Throwback Thursdays Art – w/ Update!

Every Thursday, as part of my personal “enriched environment” initiative, I post a piece of art, usually from the Metropolitan Museum of Art, which recently released online some 400,000 high-resolution images of its collection.  All artwork will show a sun (or sunlight) somewhere. 

I won’t name the piece or the artist, but instead invite you to study the art and post a comment addressing one or more of these questions:

  • What is going on in this picture?
  • What do you see that makes you say that?
  • What more can you find?

If you have another idea, run with it.

Special Update!  The New York Times website does this same exercise every Monday with a news photo that is uncaptioned and contains no text (click!).  The Times asks viewers the same three questions:

  • What is going on in this picture?
  • What do you see that makes you say that?
  • What more can you find?

However, at the end of the week, the Times posts the background information on the picture.  So, I’ve decided to do the same.  I’ll still post an unlabeled piece of art on Thursday.  But return on Sunday (for the Sunny Sundays post!) and you’ll find an update on the artwork here.

Note:  To embiggen the image, click on it! 



Harbour Scene with Rising Sun

Artist:  Claude Lorrain (Claude Gellée) (French, Chamagne 1604/5?–1682 Rome)

Date:  1634

Medium:  Etching; fifth state of eight (Mannocci)

Dimensions:  sheet: 5 9/16 x 8 1/4 in. (14.1 x 21 cm) plate: 5 1/8 x 7 13/16 in. (13 x 19.8 cm)

Classification:  Prints

 

 

4 thoughts on “Throwback Thursdays Art – w/ Update!”

  1. Is this a dream?

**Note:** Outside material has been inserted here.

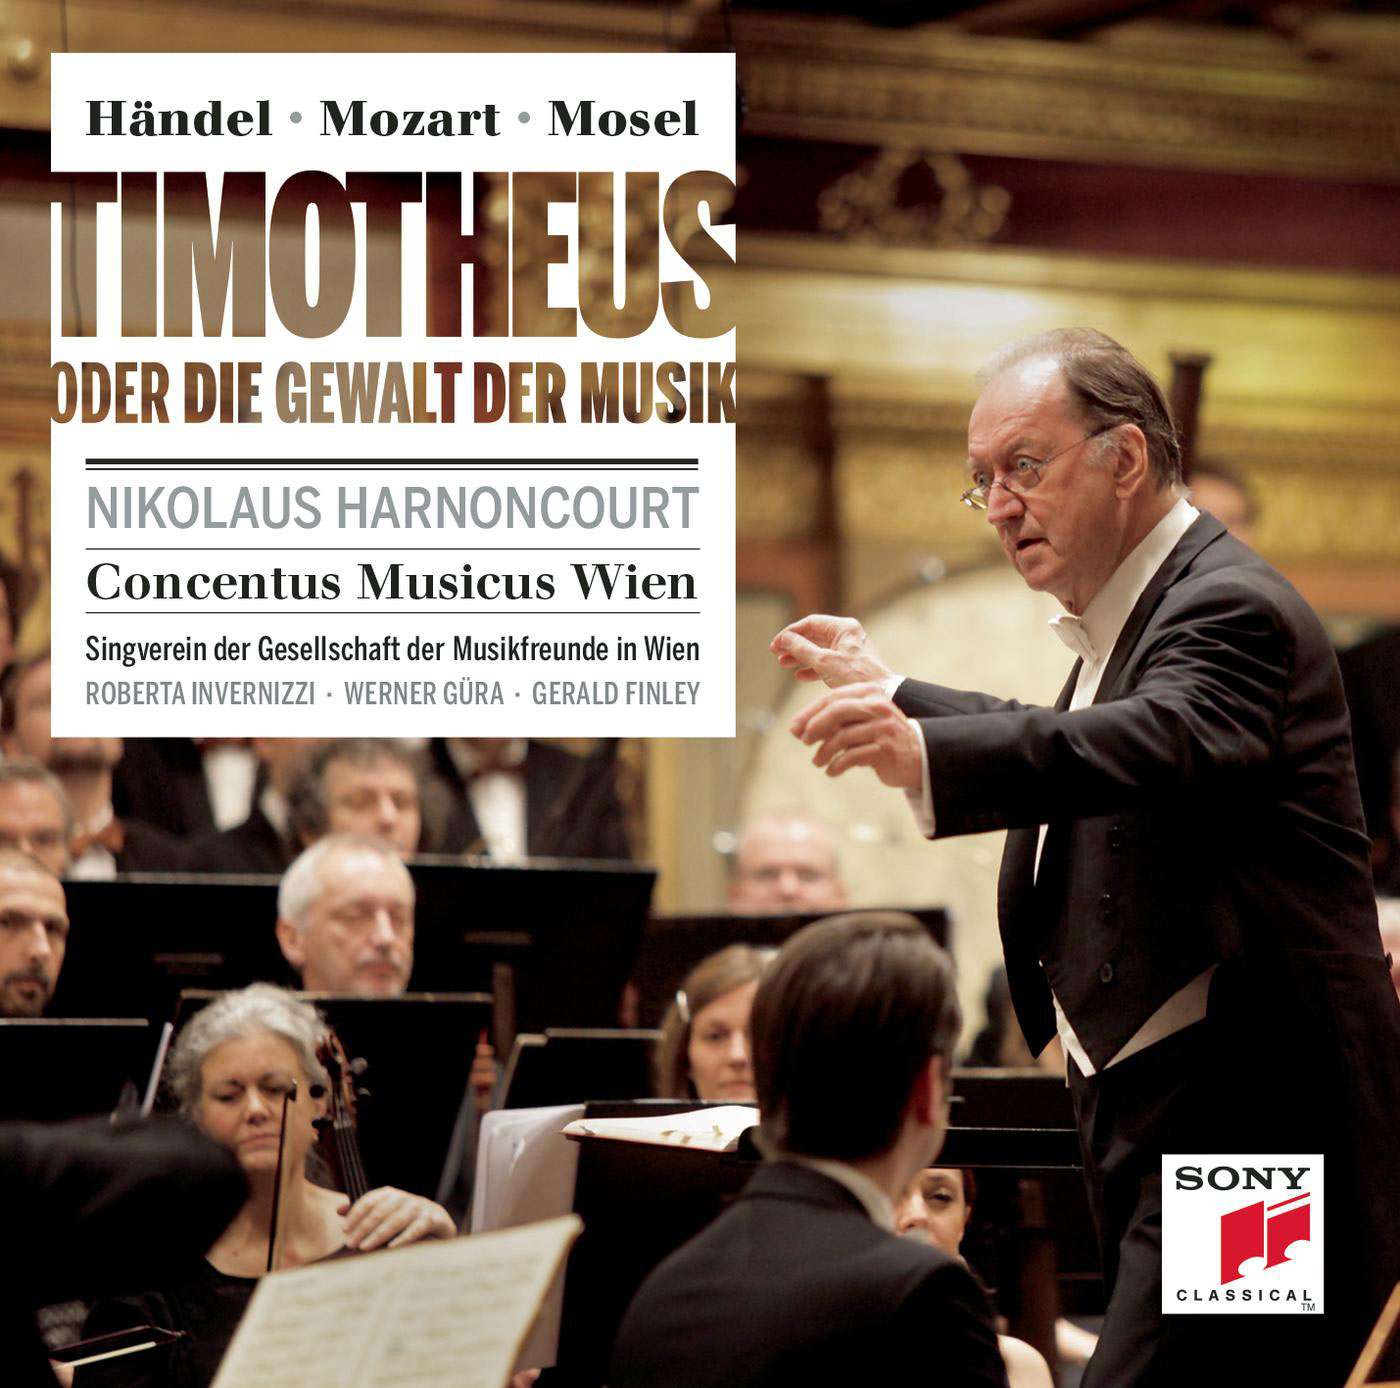 Nikolaus Harnoncourt - Handel, Mozart, Mosel: Timotheus Oder Die Gewalt Der Musik (Timothee Ou Le Pouvoir De La Musique) (2013) [FLAC 24bit/48kHz]

I see a gigantic imposing building with columns on the left, right next to the waters of some kind of harbor, and all sorts of shadowy men working on small boats in the foreground and doing something with poles. In the background are bigger ships, and it seems everything fades into a bright white light in the center of the picture, perhaps the rising sun.

  2. I see a dark curvature in this picture that circles most of the way around the sun, which appears to be rising blindingly in the center. The dark curve starts on the left with the tree that’s next to the impressive building with columns. It continues down on the loading dock in the front foreground, especially with that curving boat. It continues up the right side of the picture with that boom (?) gaff (?) leaning up and leftwards on the mast of the boat on the right. As many of the humans are between the viewer and the sun, they’re mostly black shadows.

    Nice composition. And a bit surreal.

  3. I think this is a drawing from the future, when global warming has moved the ocean into the streets of coastal cities, and the world governments insist that we use wind power for boats and do many other environmental things to bring the earth’s temperatures back down. In addition, the earth is not only revolving around the sun, but the sun’s gravitational pull is bringing the earth closer and closer to the sun, and one day we shall all burn up. THe sun is that powerful.

  4. Question. Is this going to be a scorching hot day? I feel I should put on my sunglasses. And for some reason I feel the water here must be very polluted.